Requirement
Find the line with "Rare Vivienne Westwood" in the records below. Output exactly from there until after the line with "Bellinda Nylon Bas", without pictures.

Working data
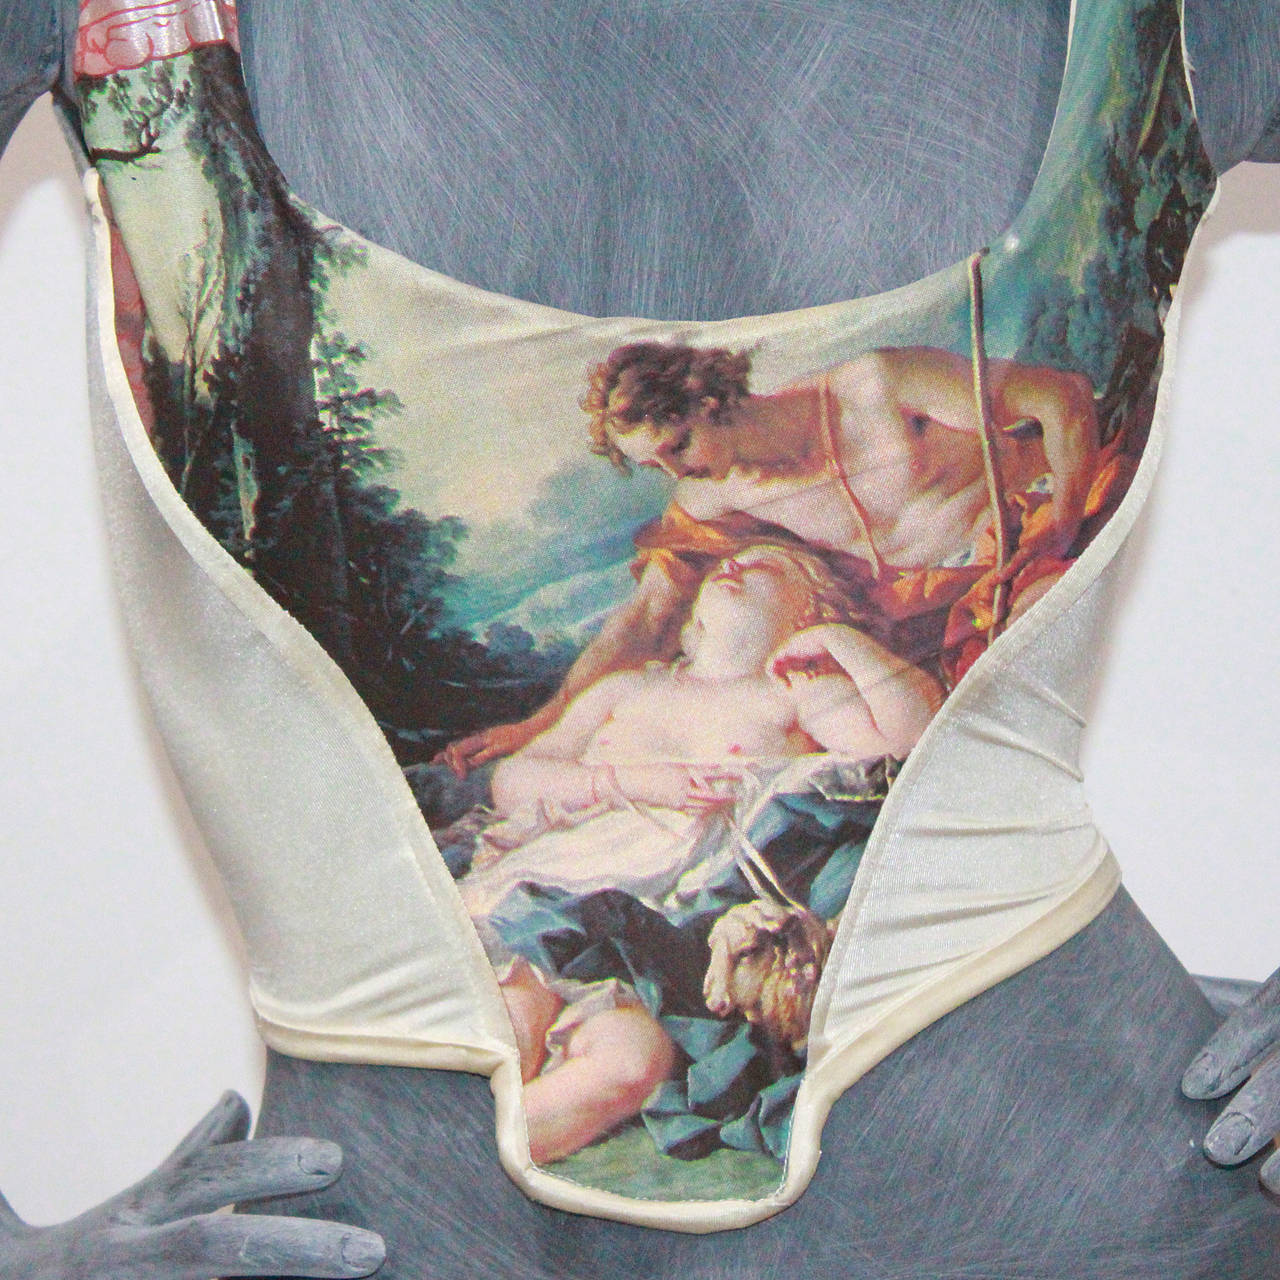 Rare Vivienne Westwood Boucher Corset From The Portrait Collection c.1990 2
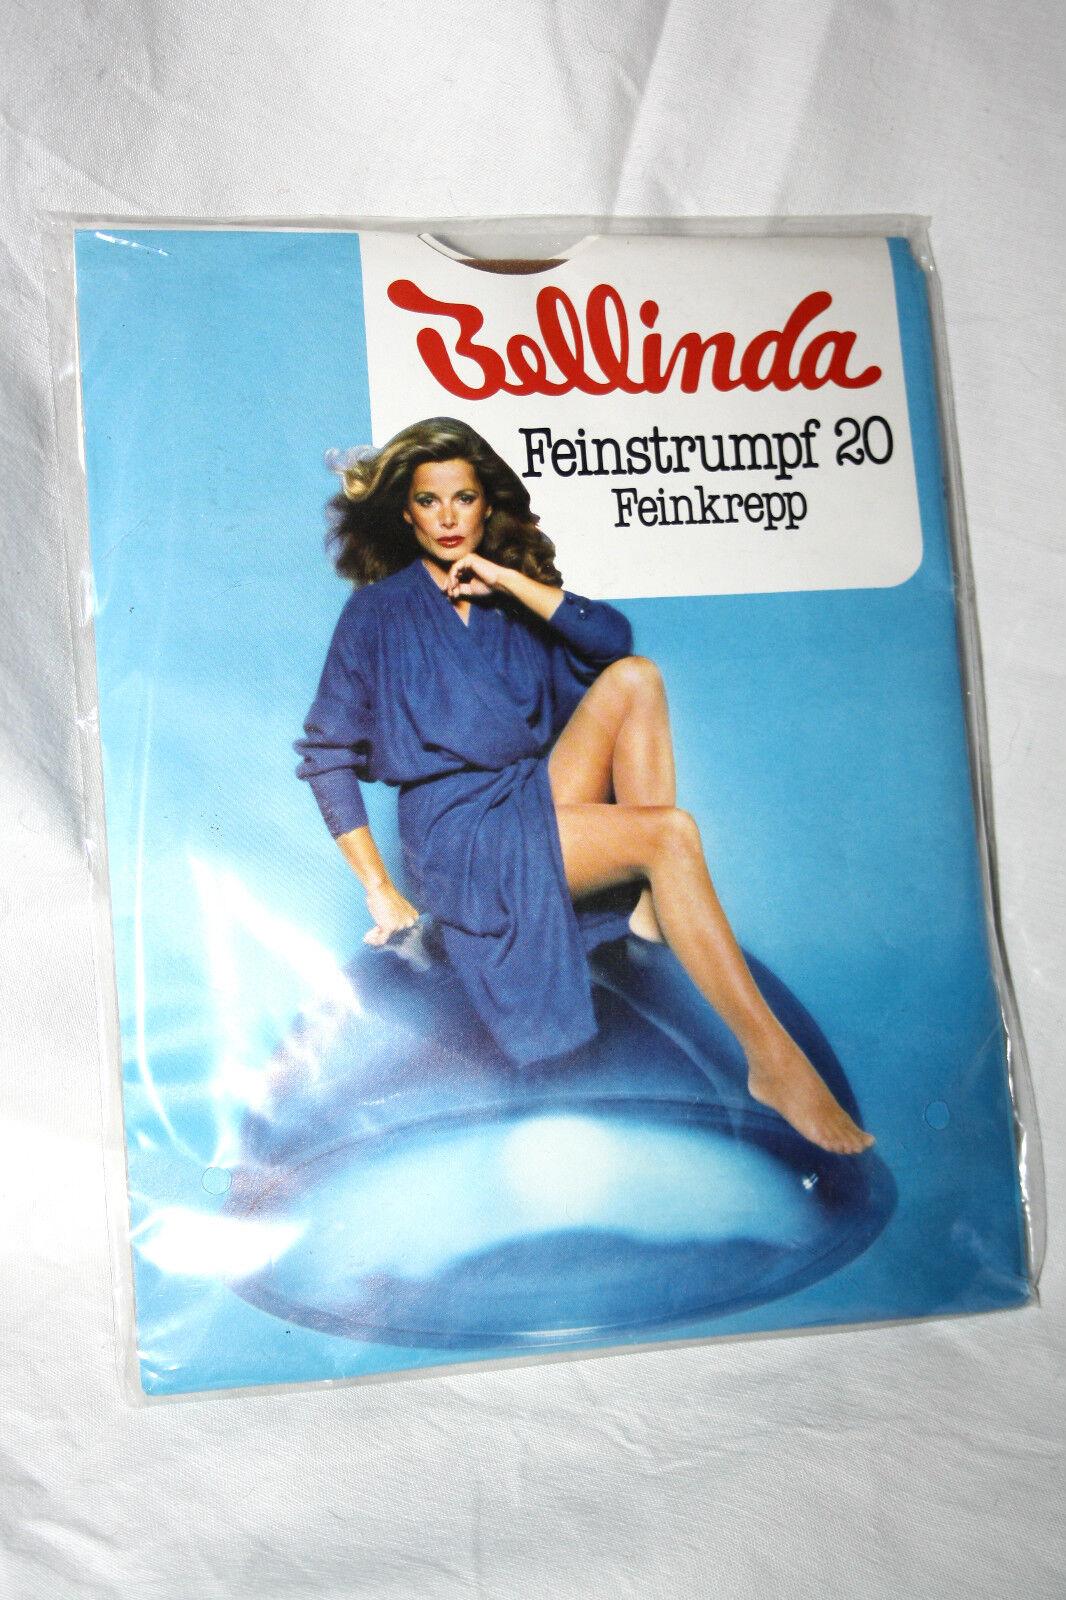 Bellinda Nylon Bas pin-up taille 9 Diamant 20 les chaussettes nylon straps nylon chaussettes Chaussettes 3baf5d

* * *

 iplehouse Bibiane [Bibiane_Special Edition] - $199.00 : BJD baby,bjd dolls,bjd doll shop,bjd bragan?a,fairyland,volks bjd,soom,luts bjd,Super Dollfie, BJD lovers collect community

Solution to the exercise
 Rare Vivienne Westwood Boucher Corset From The Portrait Collection c.1990 2
 Bellinda Nylon Bas pin-up taille 9 Diamant 20 les chaussettes nylon straps nylon chaussettes Chaussettes 3baf5d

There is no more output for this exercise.